#### Task directions
From the data underneath, reproduce exactly the stretch that begins at the line with "Thoughts Become Things" and ends after the line with "Louis XVI Period".

#### Data to examine
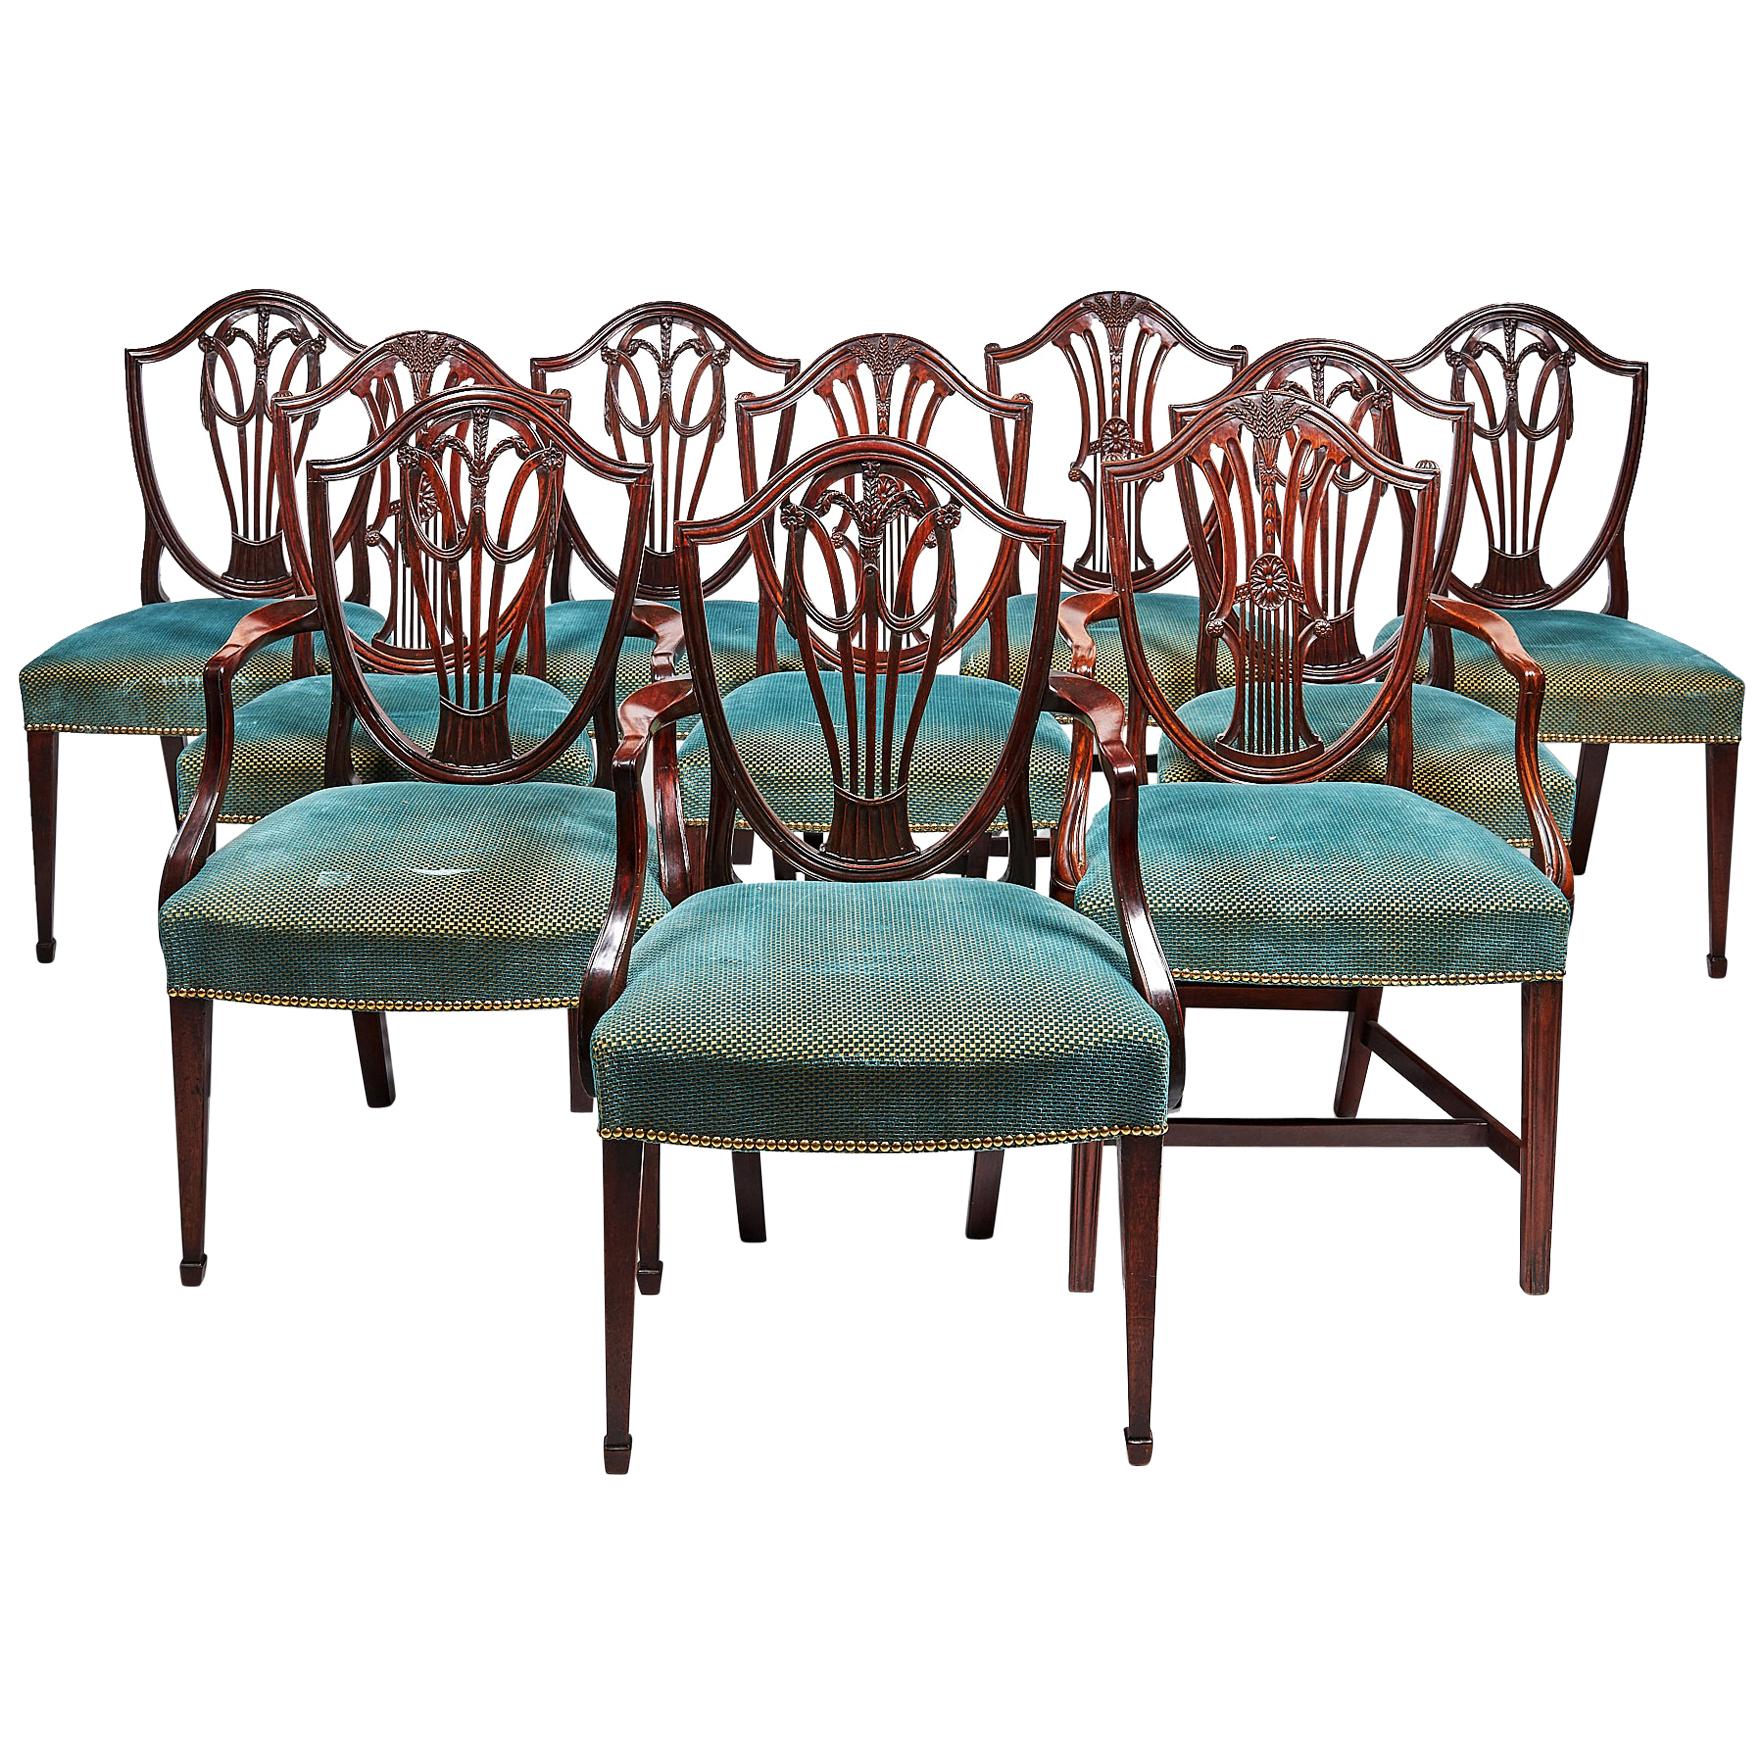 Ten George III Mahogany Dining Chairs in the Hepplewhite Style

==

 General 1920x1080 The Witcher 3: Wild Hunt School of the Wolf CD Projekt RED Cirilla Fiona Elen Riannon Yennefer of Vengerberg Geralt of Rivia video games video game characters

--

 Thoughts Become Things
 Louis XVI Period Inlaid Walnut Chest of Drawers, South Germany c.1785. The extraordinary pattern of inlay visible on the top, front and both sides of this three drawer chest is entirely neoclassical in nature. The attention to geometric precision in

#### Result of this exercise
 Thoughts Become Things
 Louis XVI Period Inlaid Walnut Chest of Drawers, South Germany c.1785. The extraordinary pattern of inlay visible on the top, front and both sides of this three drawer chest is entirely neoclassical in nature. The attention to geometric precision in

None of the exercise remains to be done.